A tragedy struck the following winter, Wesley came down with a sore throat which Paul and I caught. For Paul and I, it was diagnosed to be Scarlet Fever since we had a red rash. Wesley’s case was called Scarlatina (no rash). Since we were running a dairy, Paul and I were placed in quarantine. The only solution was to get us out of the house and away from the dairy. Paul and I moved to the “other place” or the Spring Branch Farm, and we setup housekeeping and nursing ourselves back to health. I wasn’t very sick, so after a few days I started spring plowing, harrowing, and disking the fields with the tractor. I read books and restored the old pump organ that had been left in the house which we later donated to the 4-H club.

Poor Wesley and Harold Snodgrass!!!! They had to do all the work and Wesley was the sole dairy route slave, except that brother Ned, who lived on the Mary Buckley Farm North of Cedar Vale often came to help. About ten days into this exhausting schedule, Wesley fell asleep while driving the car on the milk route and bumped into another auto! Very little damage was done except to his ego.

Julian completed the Spring term at KU and returned to school the following fall. He had some football aspirations while at KU, but compared to the big bruisers, he was a runt in. He had elected to become an engineer, but the math was too much for him, and anyway he was constantly worried about the farm, so he threw in the rag and came home for good after the Winter Term.

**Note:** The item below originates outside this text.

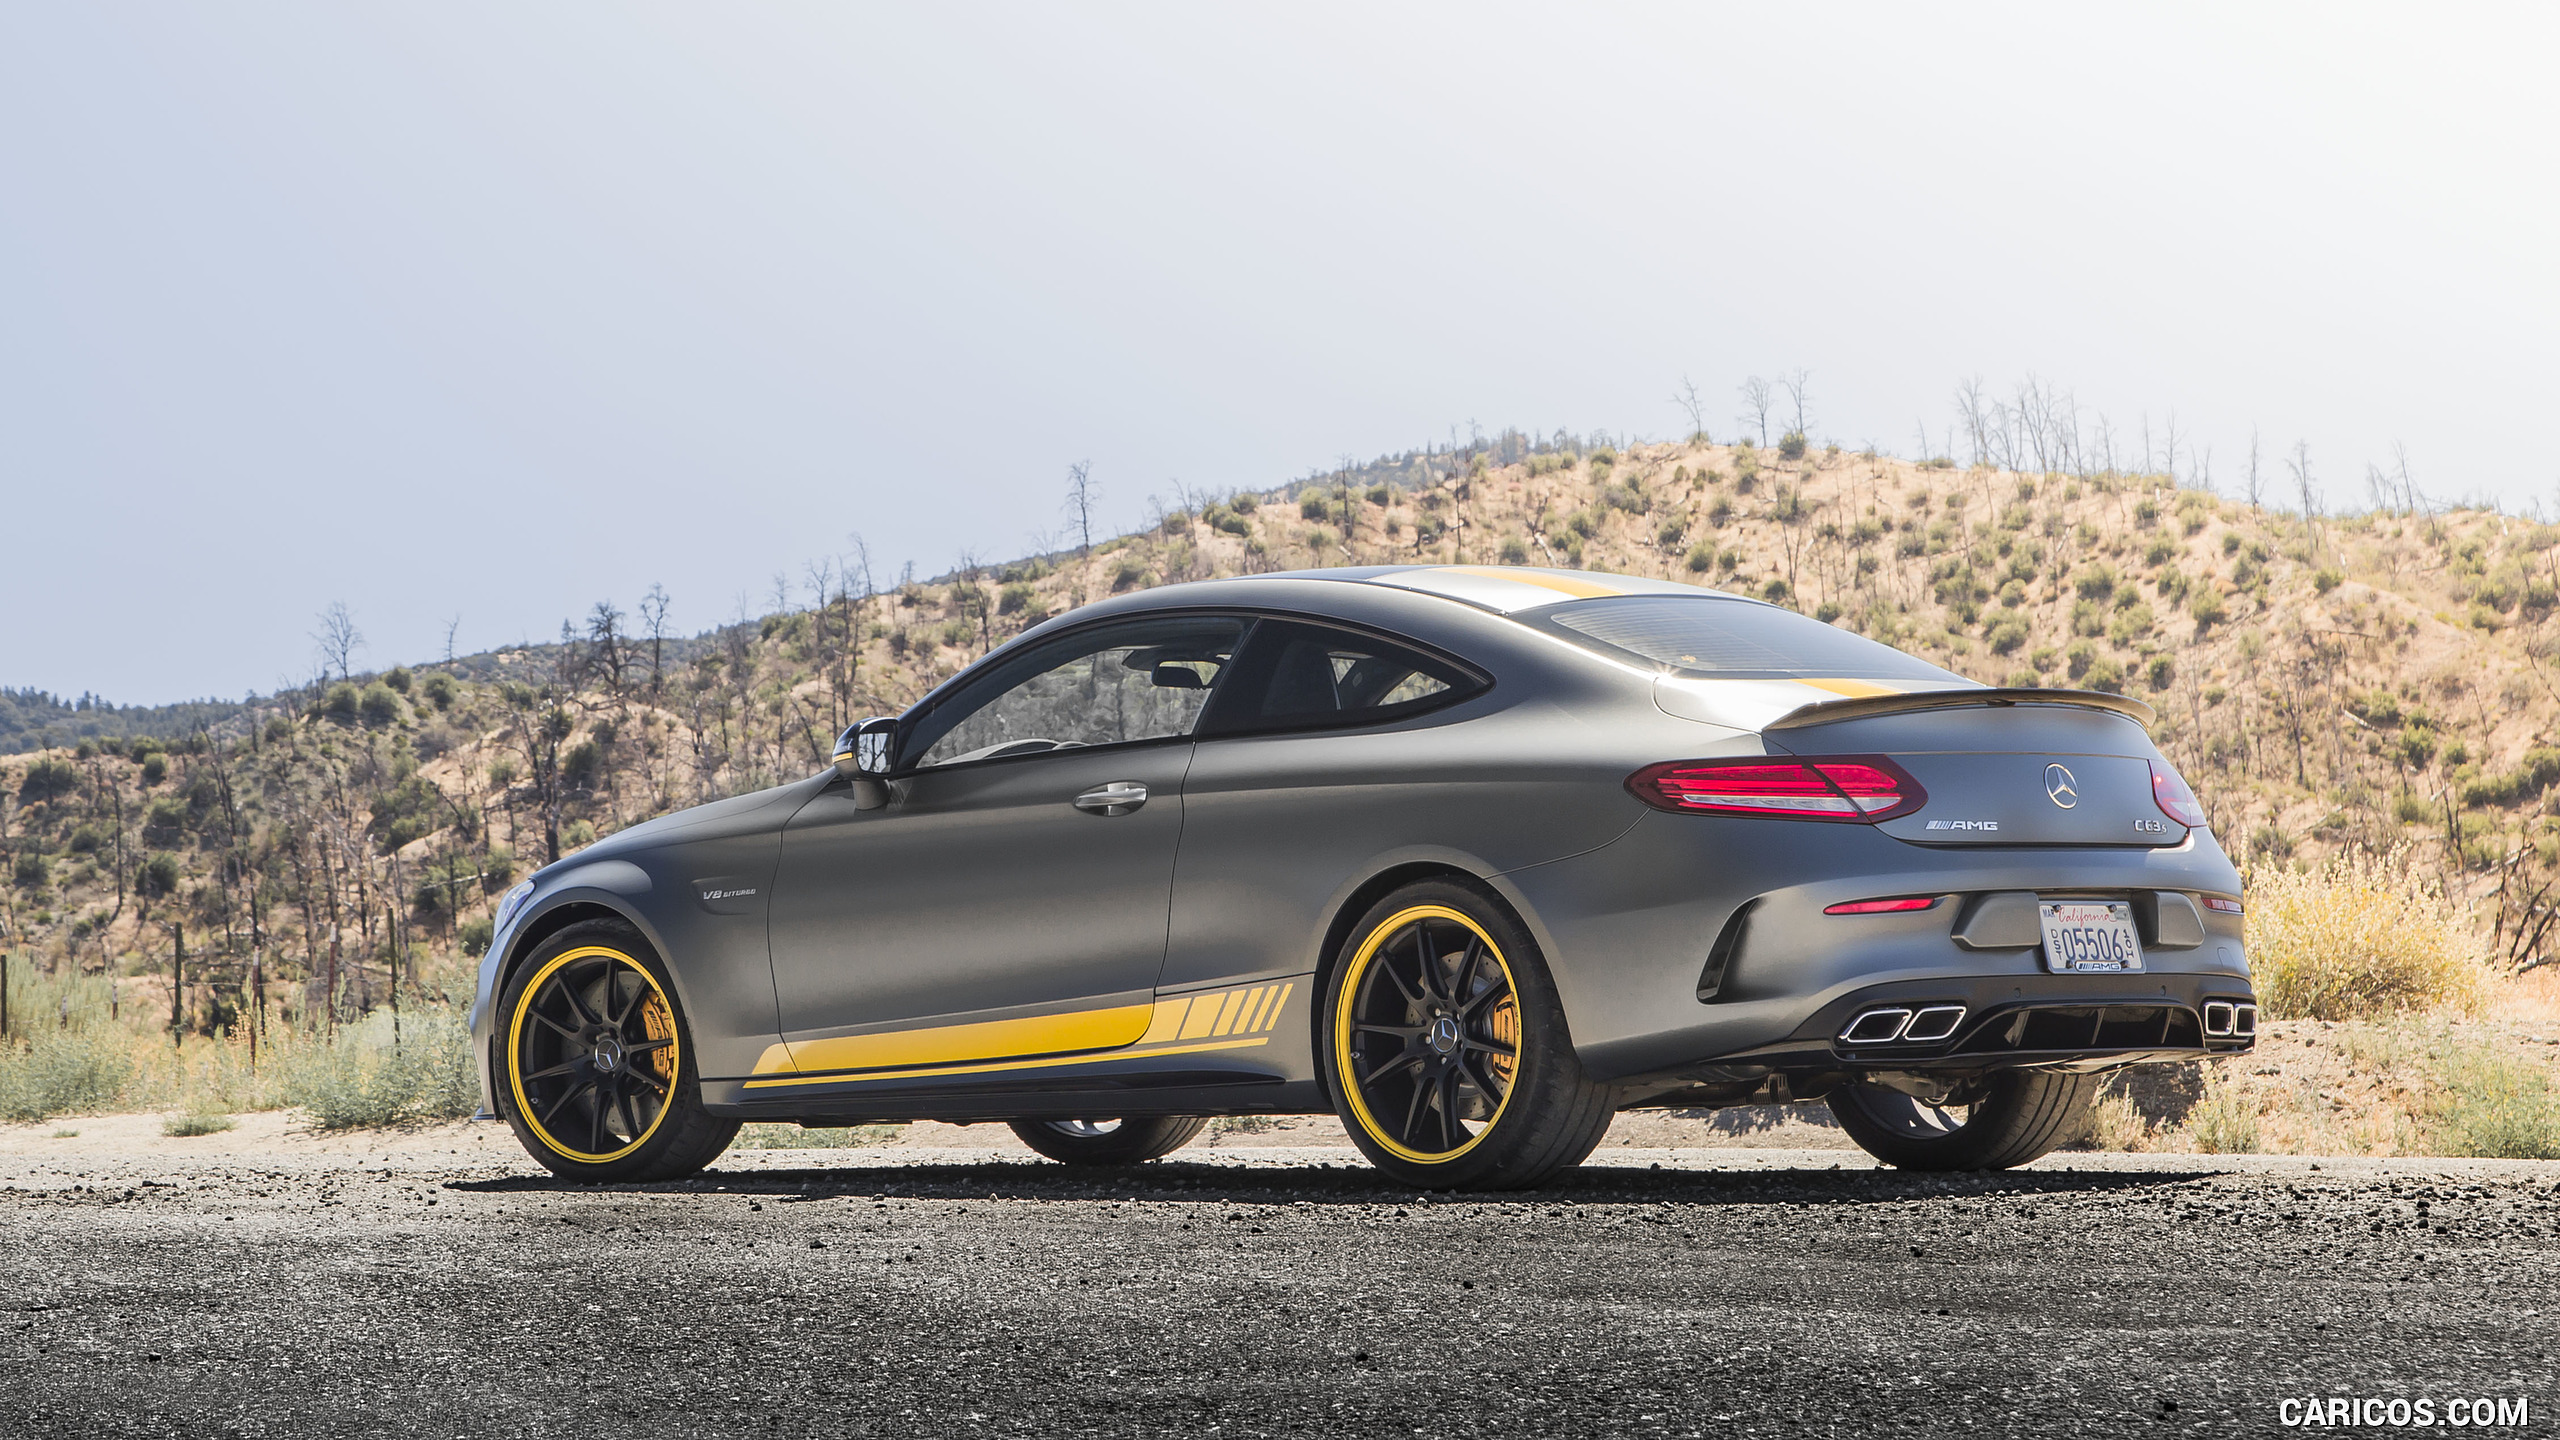 2017 Mercedes-AMG C63 S Coupe Edition One (US-Spec) - Rear Three-Quarter, #15 of 86

In the meantime, Wesley and I graduated from high-school and because Matthew had one more year of college to finish, I stayed out of school one year. Wesley received a 4-H Club Cooperative Marketing Scholarship, to Kansas State College in Manhattan, Kansas, which had been awarded by Consumer Cooperative Association (now Farmland Cooperatives) as a result of a high score on a cooperative marketing test he had taken.

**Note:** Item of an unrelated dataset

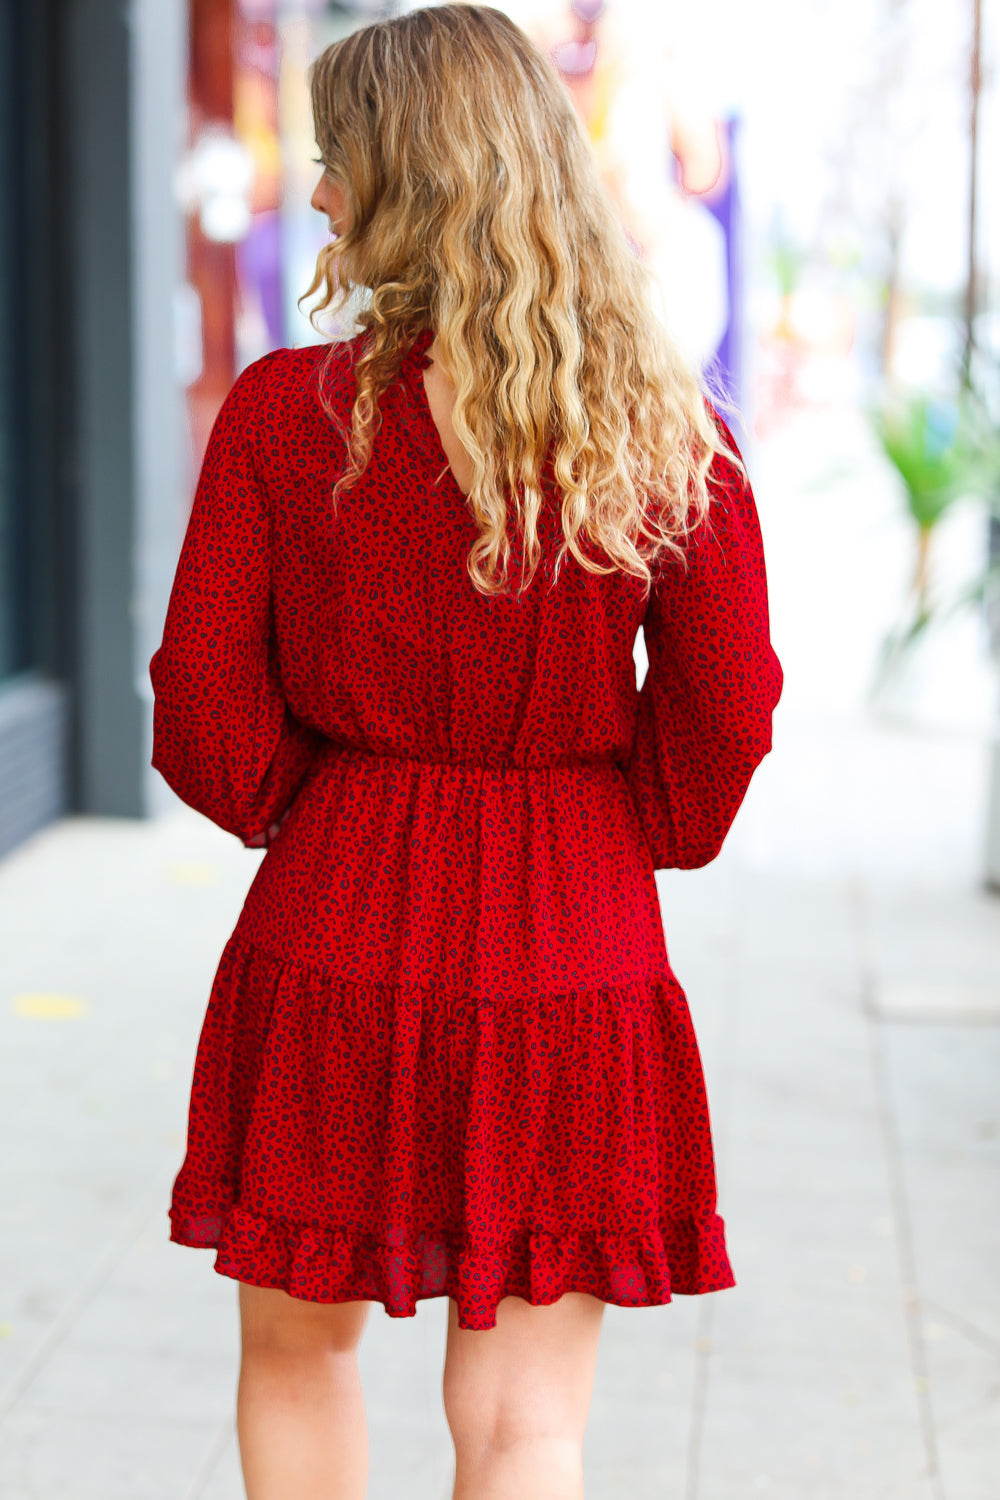 Simply Merry Tiered Dress in Burnt Red

4-H CLUB DAYS–HEAD, HEART, HANDS AND HEALTH 
In our teens, Wesley and I were active in the Spring Branch 4-H Club and were elected to many leadership positions. We carried many club projects–fat pigs, fat calves, poultry, conservation, cooperatives, demonstrations, and 4-H club Model Meetings. We wrote two demonstrations, “How to make capons,” and “How to produce clean milk.” Our home town just happened to be the home base of George Bowie, the only manufacturer of caponizing tools in this country and perhaps the world. We had delivered milk to his home and were well acquainted with him. Because we had read his handouts publicizing the economic benefits of making capons out of young roosters, we begged a set of tools from him to demonstrate the art in a 4-H demonstration contest. Bowie has just invented an electric knife testicle remover powered by a 6-volt battery. Inventing knives seemed to run in his family because he bragged that he was directly related to the Texas man of Alamo fame who invented the Bowie knife.

THE CAPON DEMONSTRATION
There were several problems for us about this demonstration. First it was “show business” for us since we only had raised to maturity the total of one capon in our two year “capon period”. Secondly talking about the removal of the testicles of a rooster was uncomfortable to us –particularly in front of a large audience.

An embarrassing incident occurred on stage in one of our many presentations of this demonstration which kept the family laughing for many years. The demonstration was presented before a Labor Day celebration at the Cedar Vale Park Pavilion, a large airy building that was the pride and joy of the town. Everything went well up to the point that the second testicle was to be removed. The text of the demonstration called for me to remove the second testicle, I positioned the bird, made the skin incision between the ribs, inserted the spreader and locked it. Wesley handed me the electric forceps. I slipped it gently over the testicle and applied current to sever the spermatic cord, Somehow my hand slipped and the adjacent vein was cauterized and immediately the peritoneal cavity filled with blood, the bird was dead! The next line in the script was the instruction to remove the bird from the holding device, setting the bird on its feet and saying enthusiastically, ” The operation hasn’t hurt him a bit!” Since he was dead, I held him up by the wings, and flapped them up and down and shouted, “SEE HOW LIVELY HE IS, “THE OPERATION HASN’T HURT HIM A BIT!”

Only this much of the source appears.